⟨

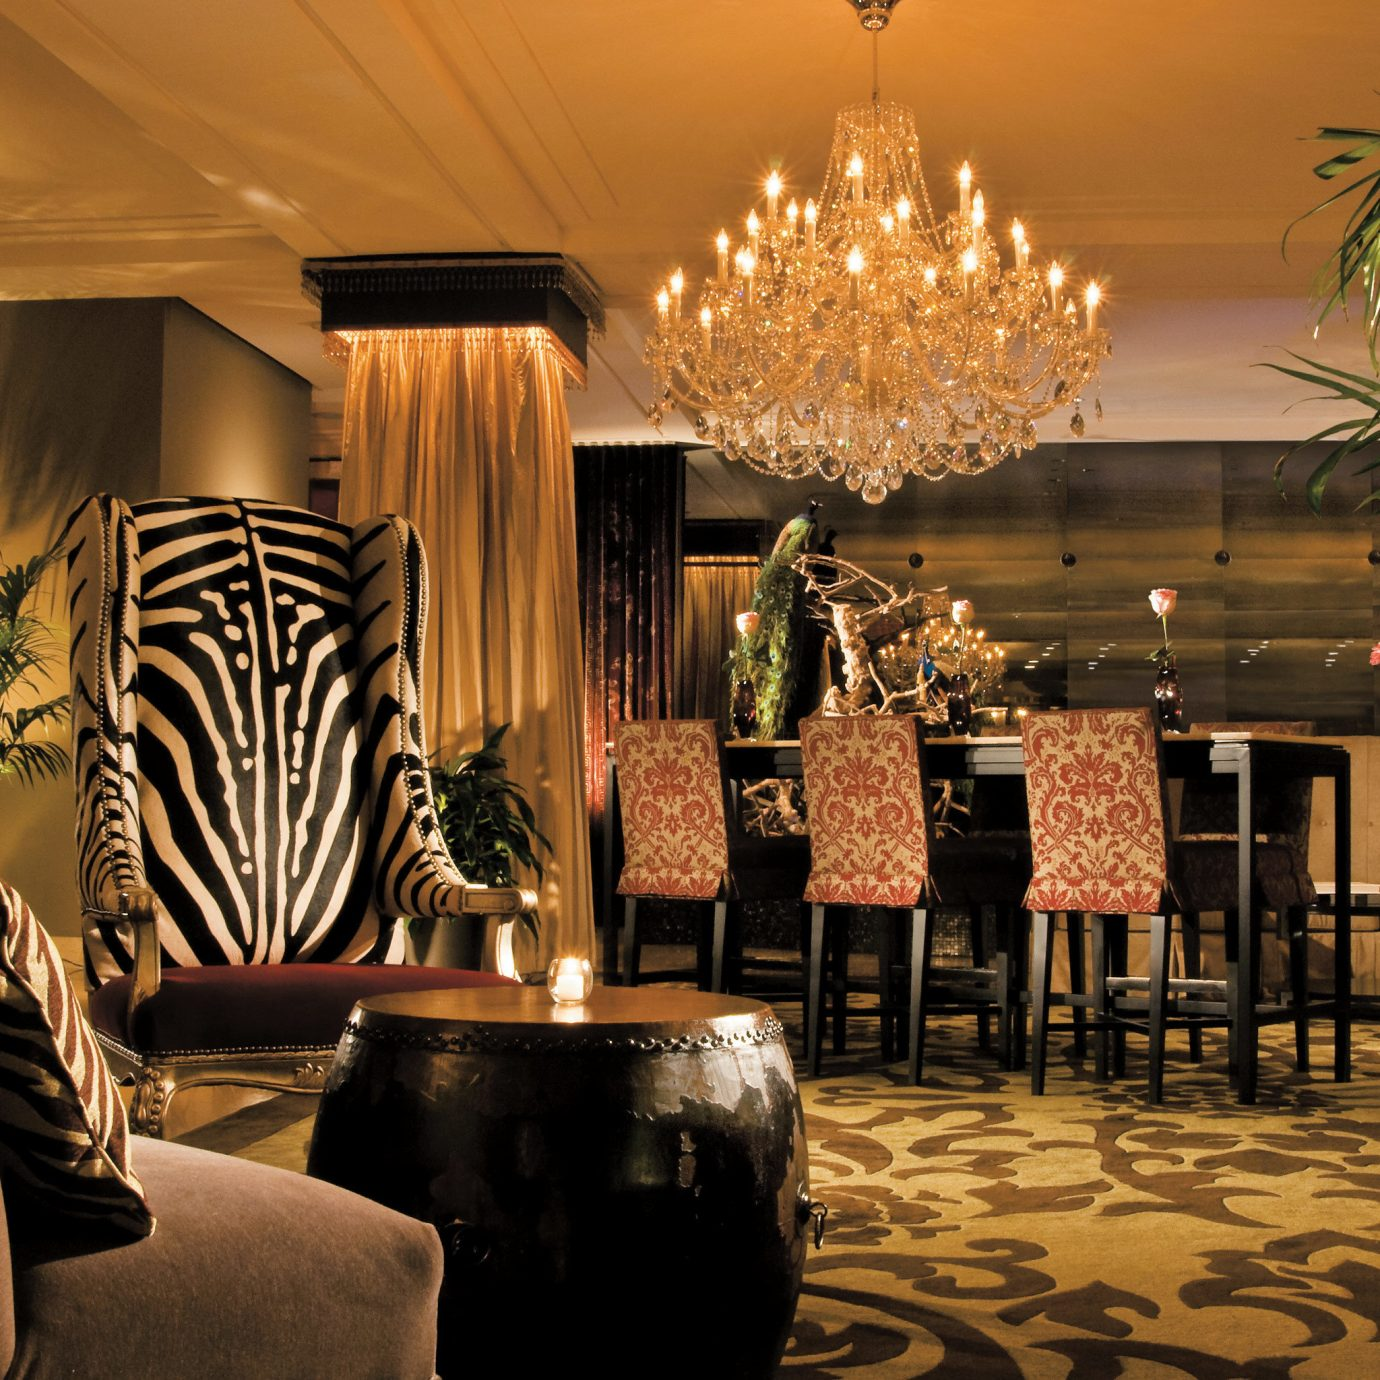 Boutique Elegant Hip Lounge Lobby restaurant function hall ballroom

⟩
⟨

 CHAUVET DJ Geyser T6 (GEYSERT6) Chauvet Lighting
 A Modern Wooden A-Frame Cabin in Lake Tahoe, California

⟩

Your objective:
Set down, exactly as they stand above, the lines starting with the line with "CHAUVET DJ Geyser" and going on through the line with "A Modern Wooden", and no others.

Solution to this problem:
 CHAUVET DJ Geyser T6 (GEYSERT6) Chauvet Lighting
 A Modern Wooden A-Frame Cabin in Lake Tahoe, California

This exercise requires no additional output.